Records provided:
--------------------------------------------------

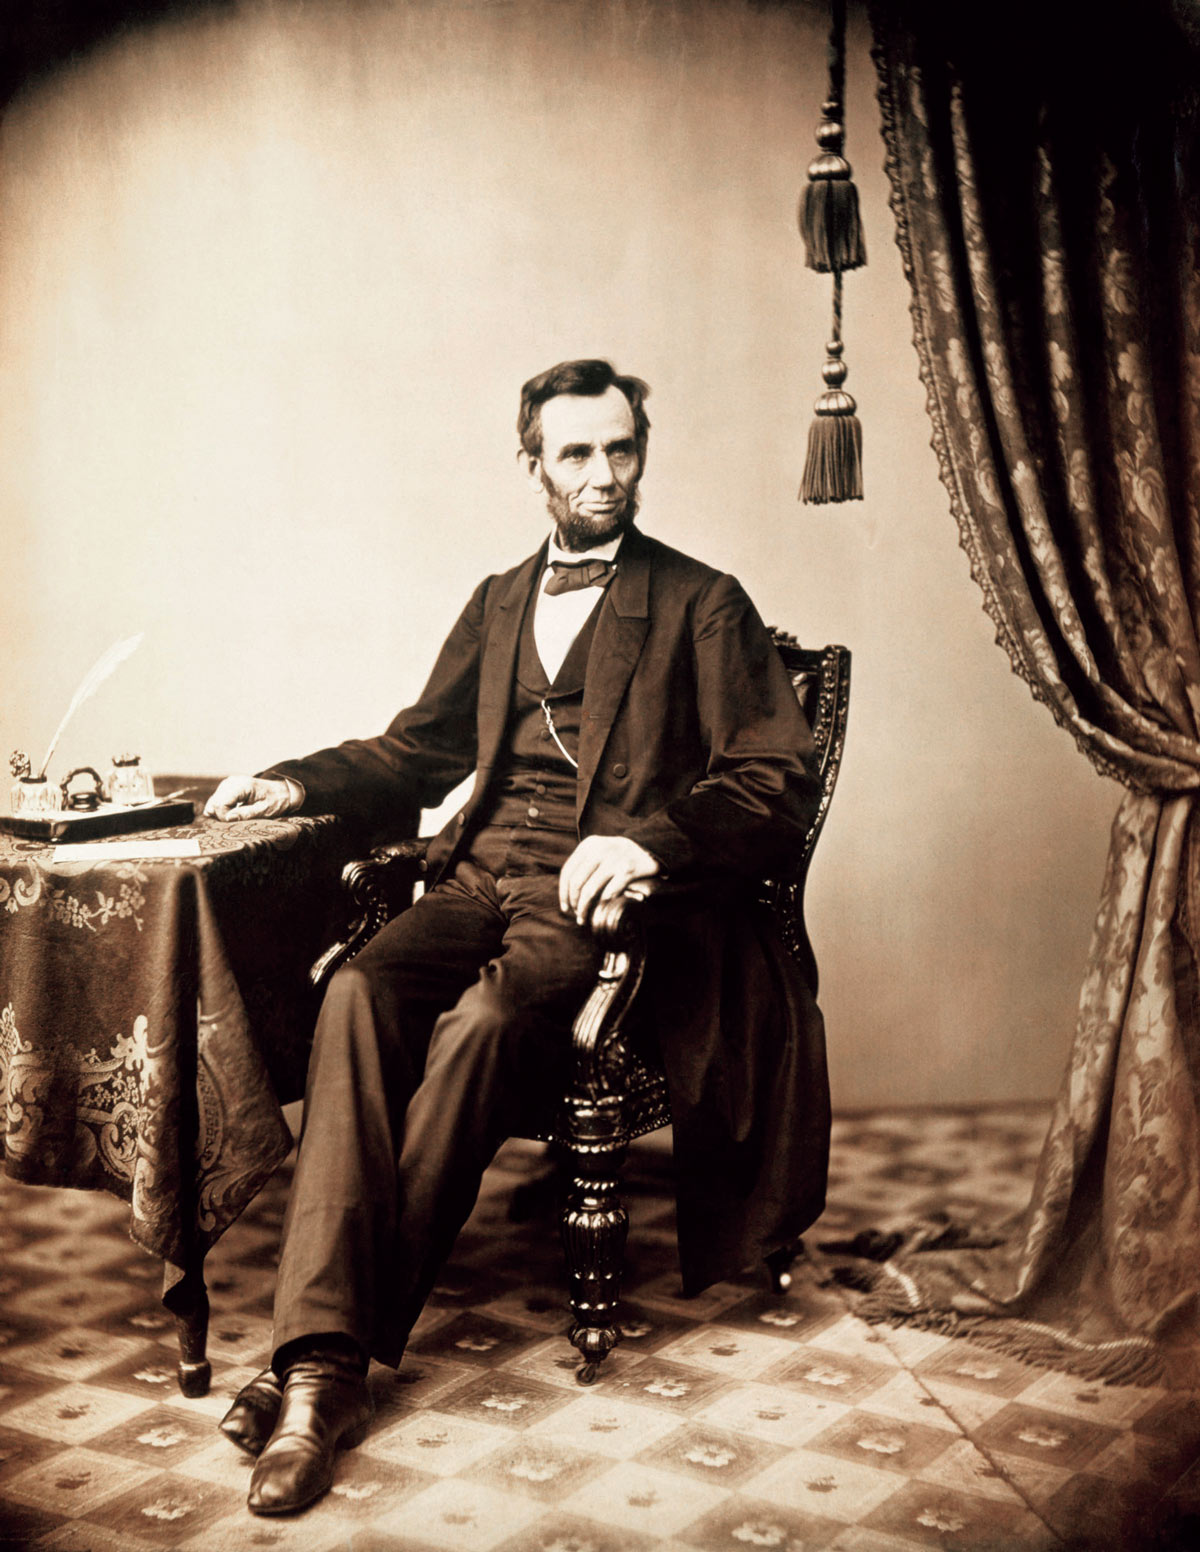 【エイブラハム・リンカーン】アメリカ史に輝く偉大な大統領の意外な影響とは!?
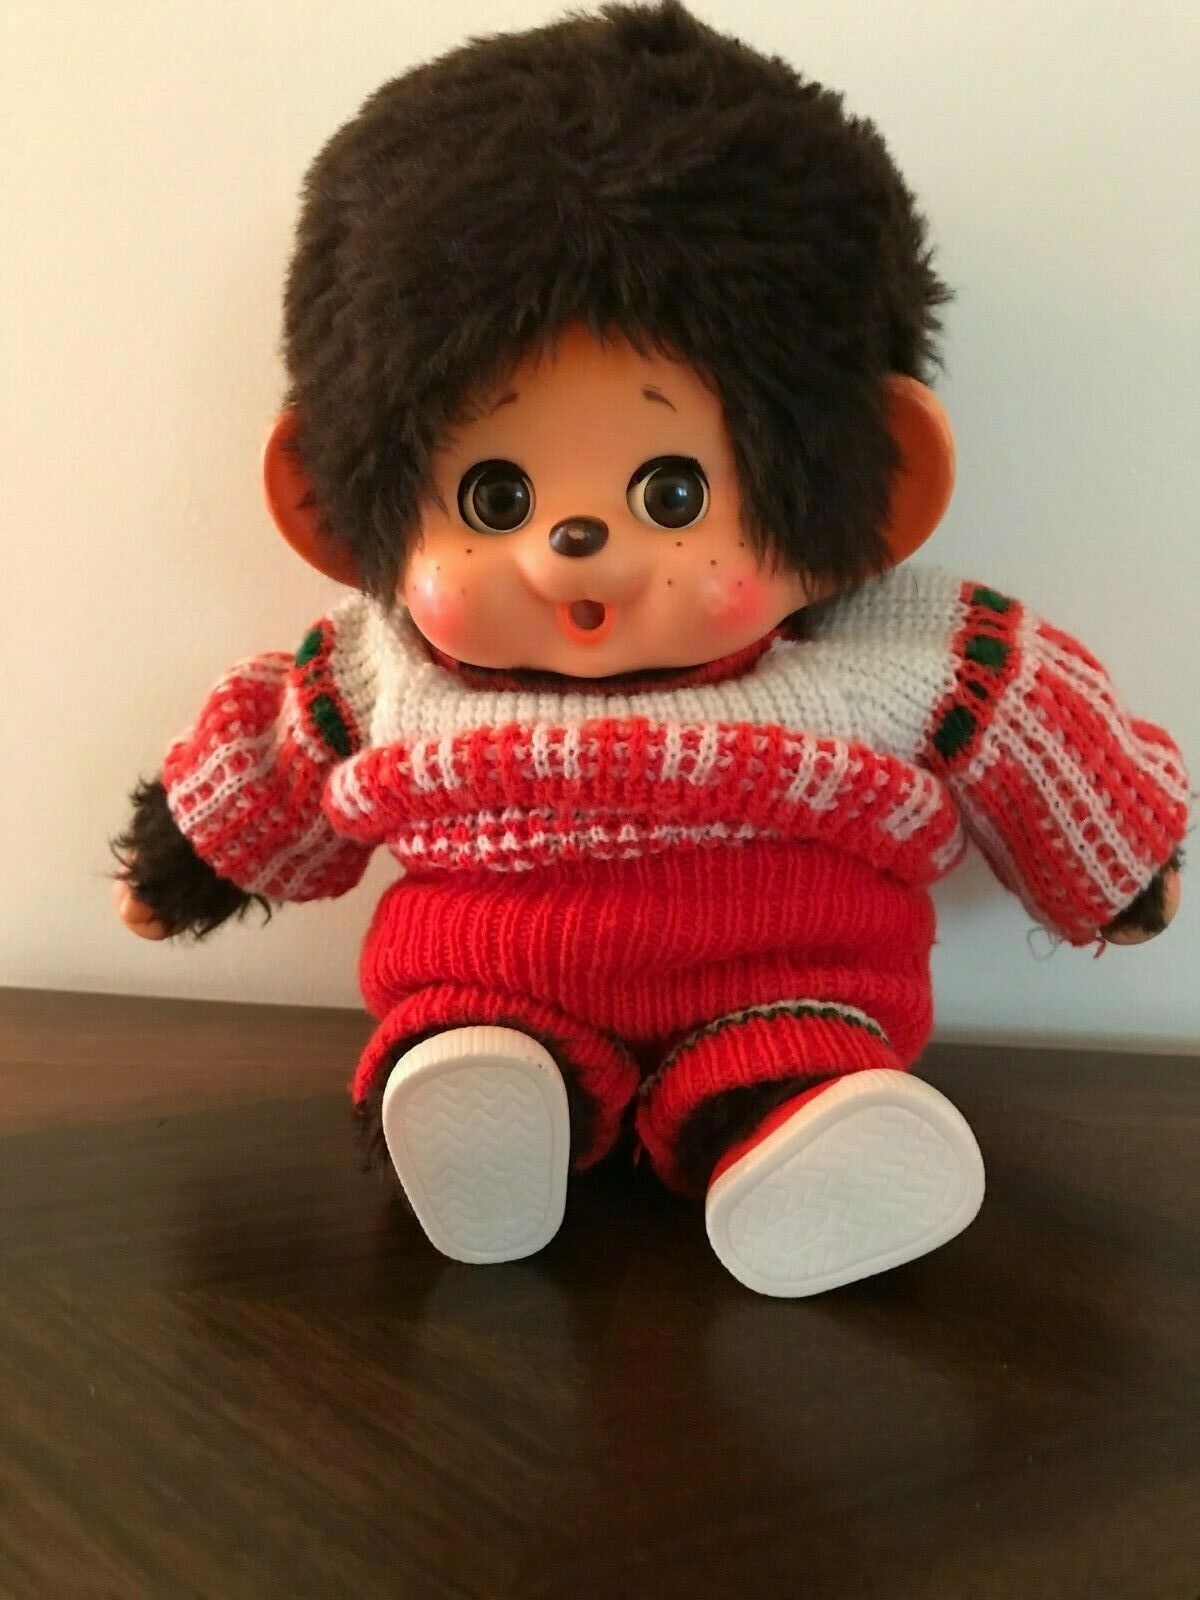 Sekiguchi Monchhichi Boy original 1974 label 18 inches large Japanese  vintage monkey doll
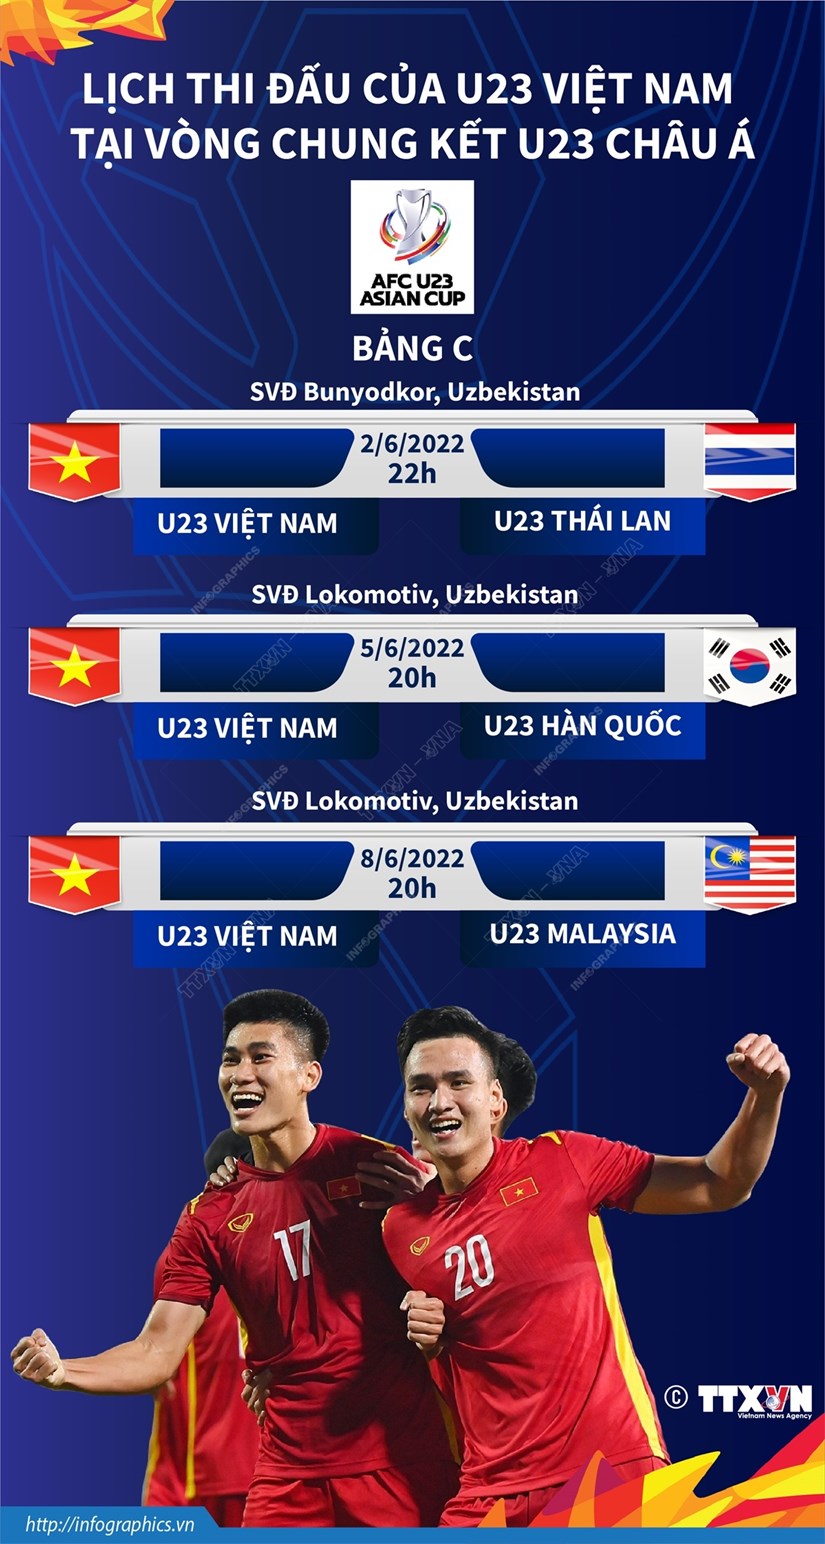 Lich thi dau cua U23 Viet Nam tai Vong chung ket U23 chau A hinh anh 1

--------------------------------------------------

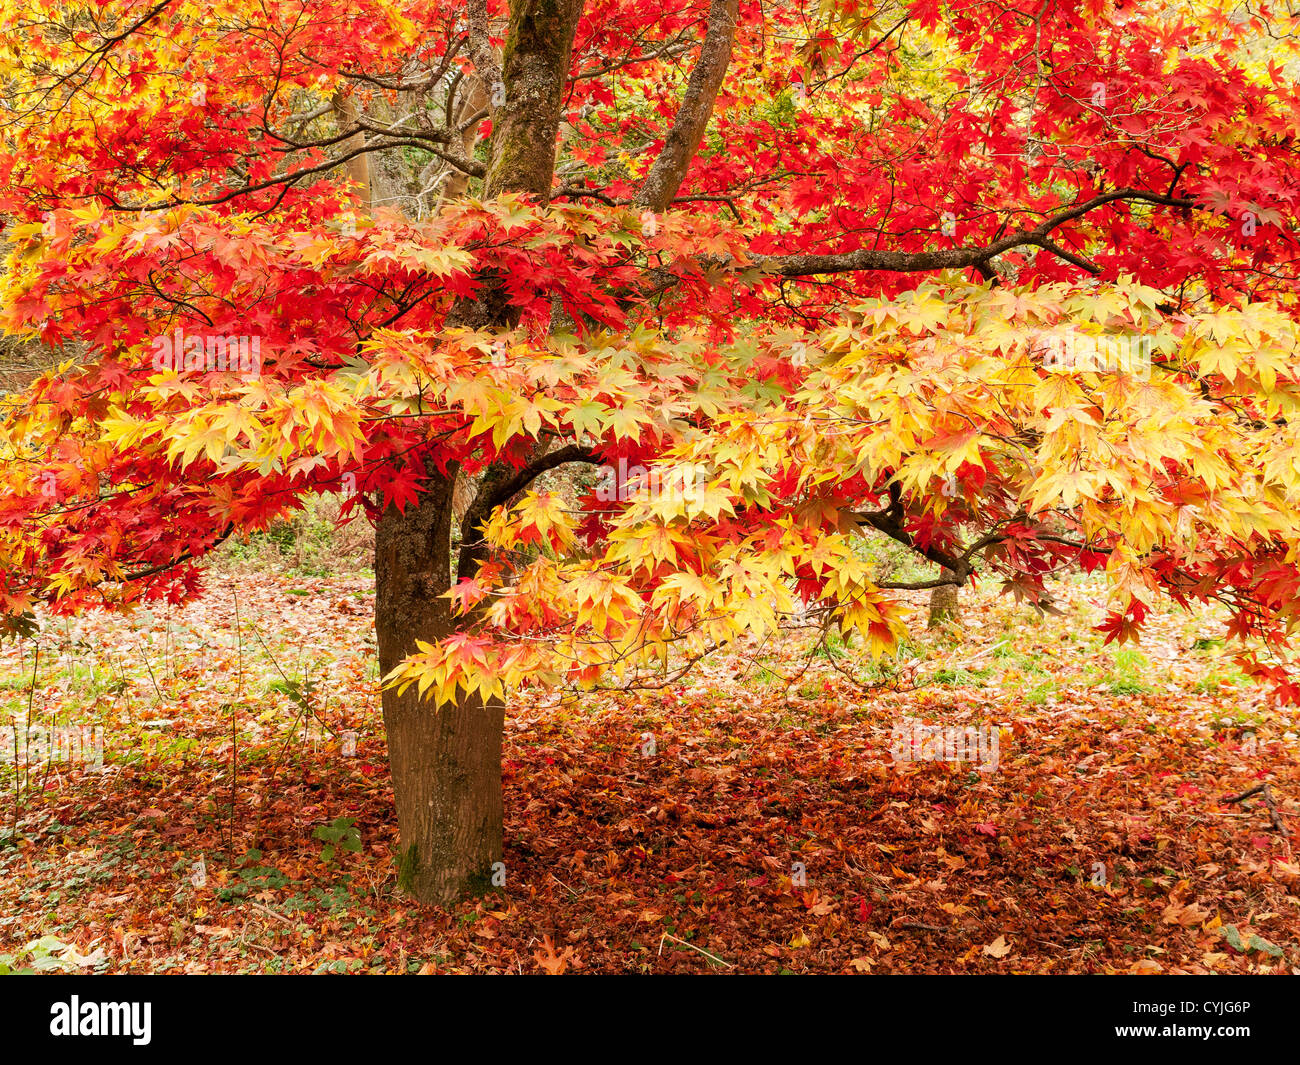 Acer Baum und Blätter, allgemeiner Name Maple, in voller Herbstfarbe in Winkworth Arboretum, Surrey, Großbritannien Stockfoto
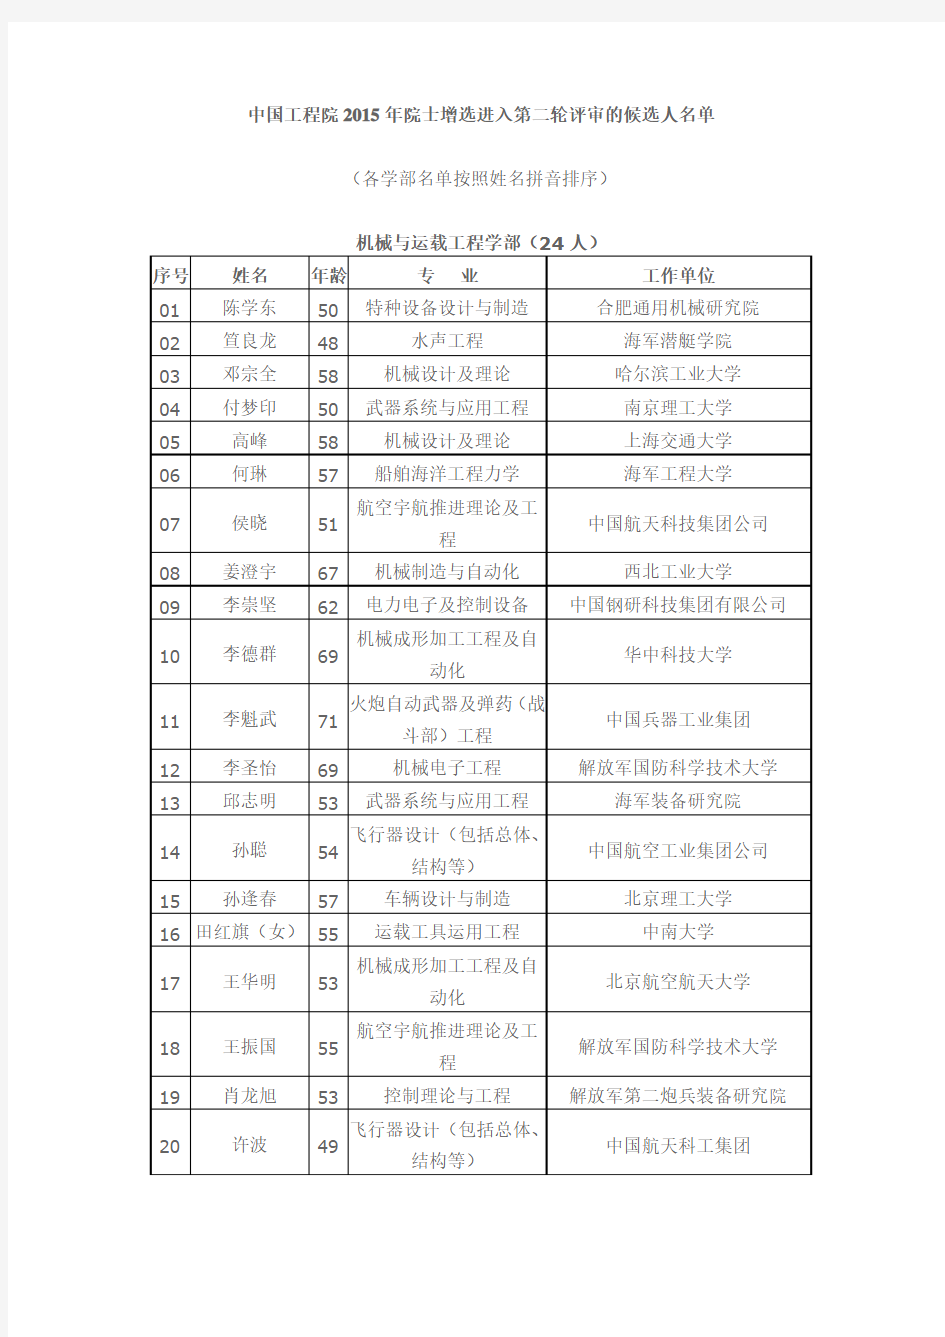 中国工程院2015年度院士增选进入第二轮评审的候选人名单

--------------------------------------------------

Your task: Print nothing but the lines above starting with the line that contains "Acer Baum und" and going on through the line that contains "中国工程院2015年度院士增选进入第二轮评审的候选人名单". Leave out the pictures.

Written solution:
 Acer Baum und Blätter, allgemeiner Name Maple, in voller Herbstfarbe in Winkworth Arboretum, Surrey, Großbritannien Stockfoto
 中国工程院2015年度院士增选进入第二轮评审的候选人名单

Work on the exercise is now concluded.